Here is a critical point: When we offer neither encouragement or discouragement, when we are indifferent, it creates doubt, kills confidence and affects performance in a negative way. So, in giving no feedback, it is the same as giving negative feedback. In some ways, it’s actually worse. Sometimes it is better to know that you stand in a negative space with someone than not knowing where you stand at all.

So, here is a simple formula to remember: Positive in gets positive out; Negative in gets negative out; Nothing in gets negative out.

The verse from Colossians 3:21 reminds, “Fathers, do not provoke your children, lest they become discouraged.” At the same time, don’t be indifferent to them either, because they will become discouraged.

Going back to the 5:1 ratio we discussed at the beginning of this study, ideally people should receive five positive inputs to every negative input. There are very few people who receive this ratio of encouragement to discouragement. Encouragement can be as simple as a smile or a “thank you” or a “good morning.” Anything we can do to put something positive into the mind of our neighbor is a good thing. The thing to remember is that if we ignore our neighbor, it’s the same as if we are negative to our neighbor.

Let’s think for a second about the person who puts the groceries in our bag at the store. This person receives negative feedback if he or she breaks some eggs, or puts too much stuff in a bag. They probably don’t receive a lot of positive comments, not because they don’t do a good job but because people are too busy looking at or talking on their phones when checking out of a store that they don’t notice the people who work there unless they can’t find something or unless they do something wrong. A simple “thank you” can go a long way. It means, “I notice you and I appreciate you.” Negative input, of course, is going to be discouraging in this instance. But no input is going to leave the person bagging the groceries thinking that he or she must be doing a bad job, because no one is taking notice of them, except when they do something wrong.

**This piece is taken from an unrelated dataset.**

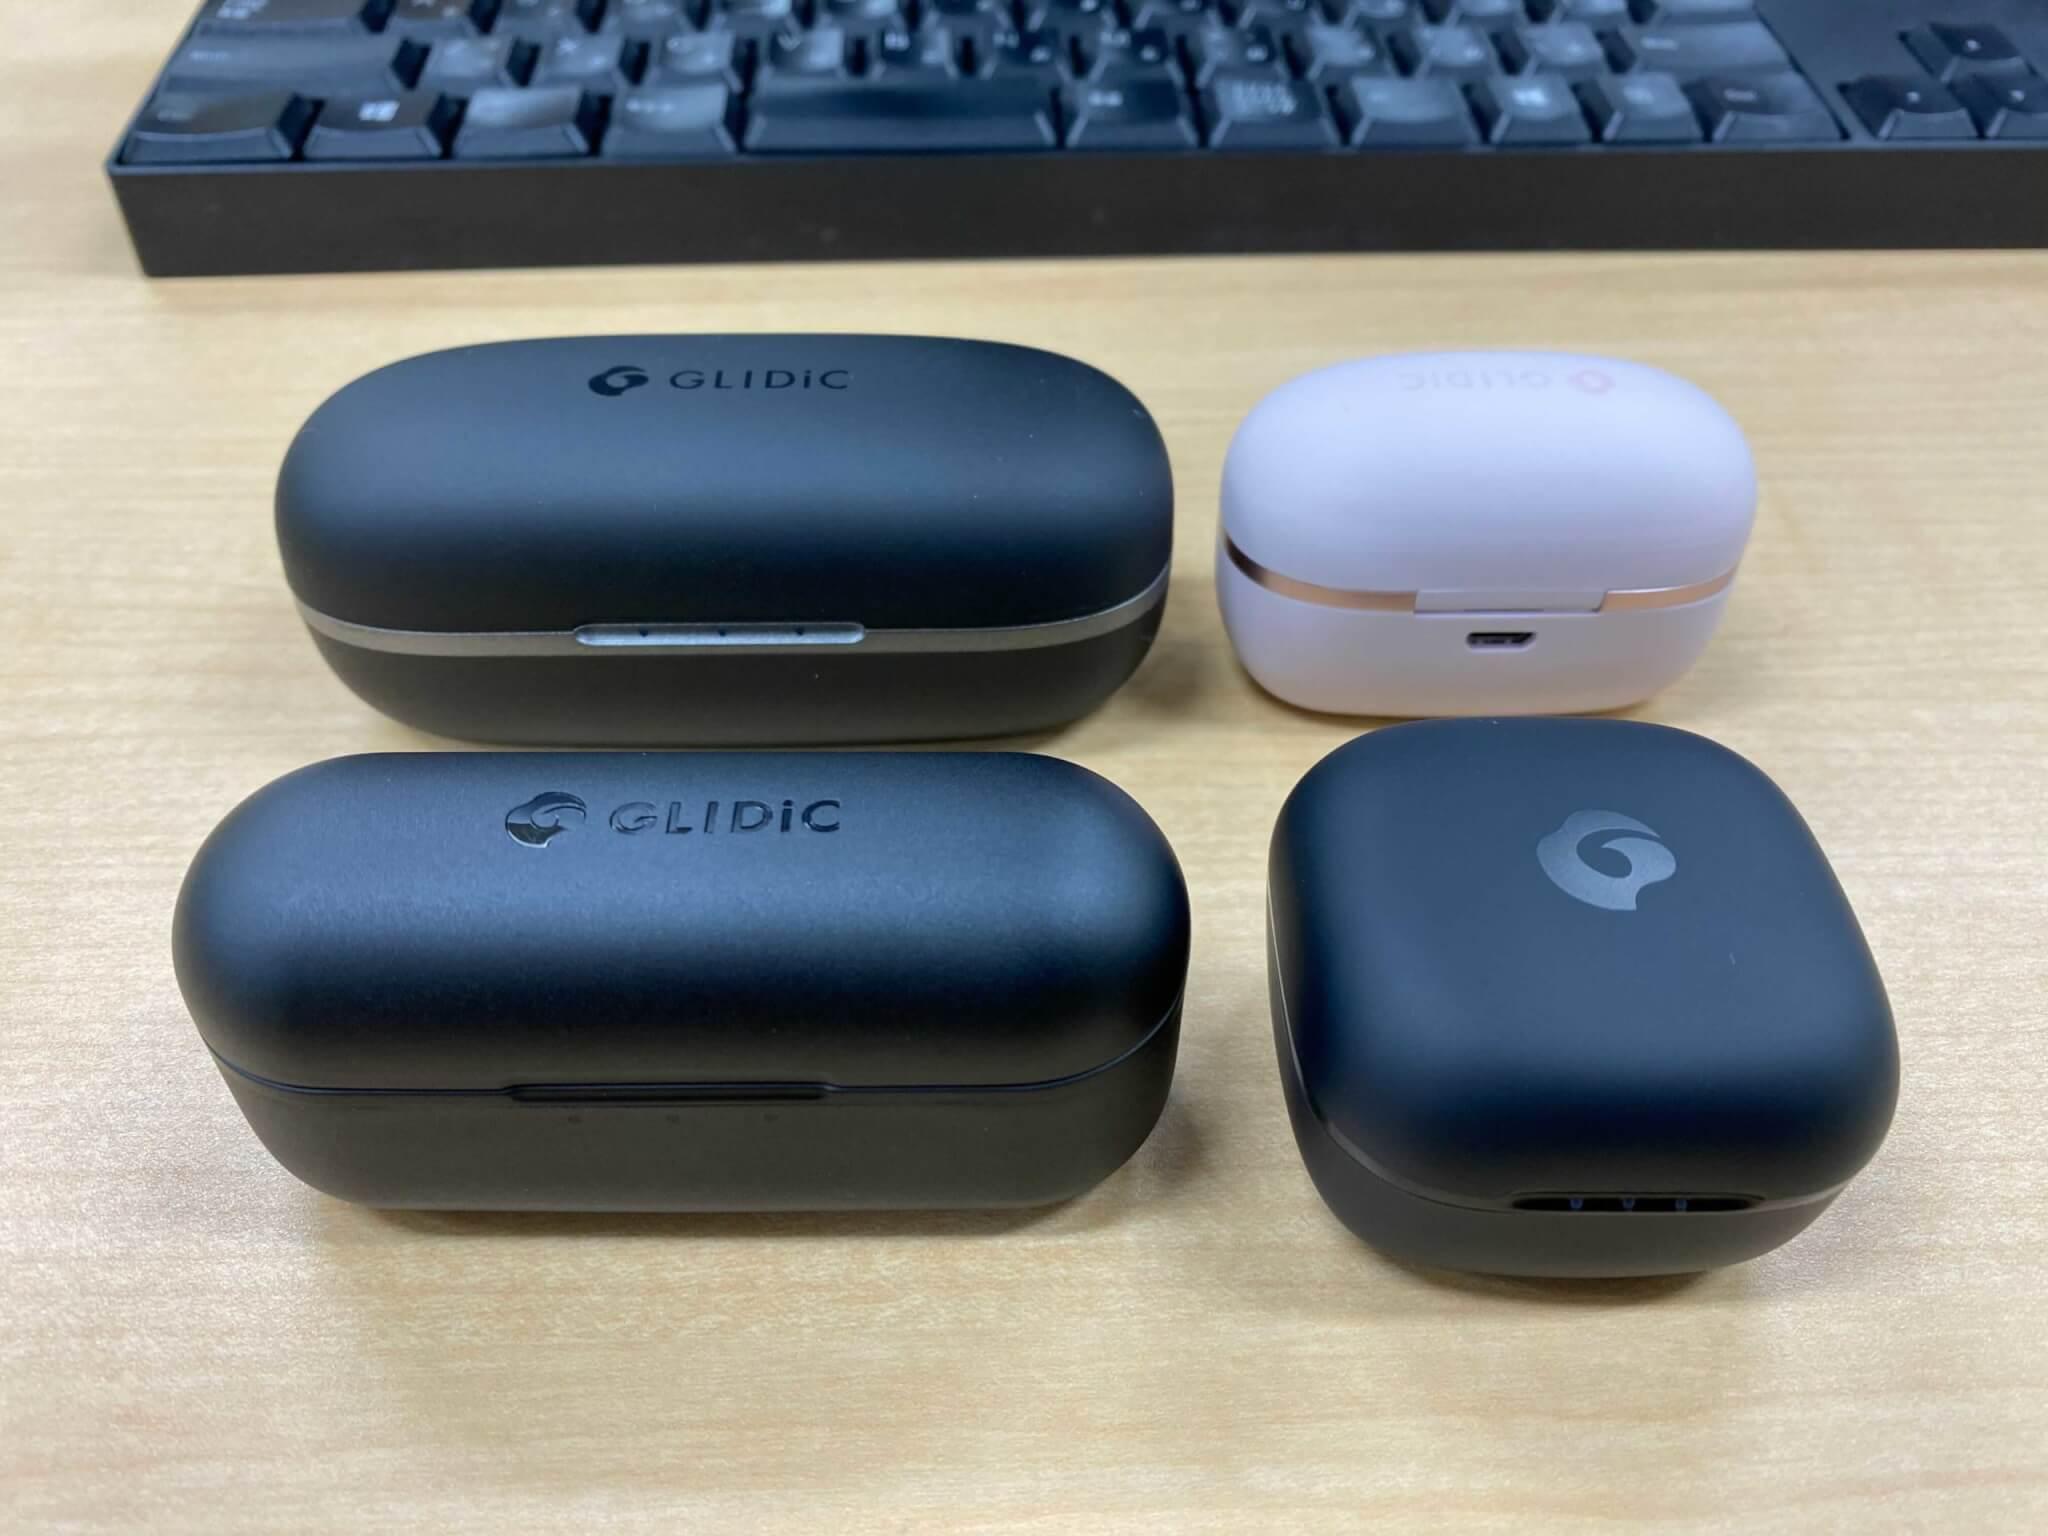 GLIDiCの完全ワイヤレスイヤホン4機種を比較

When someone does something wrong, constructive criticism (notice the use of the word “constructive” as opposed to destructive, which is tearing someone down and completely shattering their confidence) is warranted. We are all quick to criticize when we don’t like something. We can all stand to learn to be better at complimenting when we like something. When someone gets something right, we’ve all got to do a better job of saying something positive. Because just as positive input results in positive output, a positive output by someone should result in a positive feedback, not in indifference.

Many of us have used the phrase, “that’s the best $20 I’ve ever spent.” Well, among the best instances of best $20 I’ve ever spent was when I waited outside while the garbage truck was in my neighborhood and offered the driver $20 to go buy lunch that day. He told me, “I drive this truck alone, and on most days I speak to no one the entire day. Thank you for making me feel valued today.” Money well spent!

We are all quick to point out when something goes wrong. We need to be even more quick when it comes to pointing out when something goes right.

Lord, thank You for the people around me who do the common things that I take for granted; like the clerk at the grocery store who puts my groceries in the bag, or the bank teller, or the sanitation engineer who picks up the garbage, who drives alone each day and probably talks to no one.

May I have opportunities to encourage and thank these people, so that they know they are important. Help me not to take the good things people do for granted, but instead to express my gratitude, so that others may feel filled with encouragement. Amen.

Positive in, positive out
Negative in, negative out.
Nothing in, negative out.

Don’t forget to be positive when something goes right.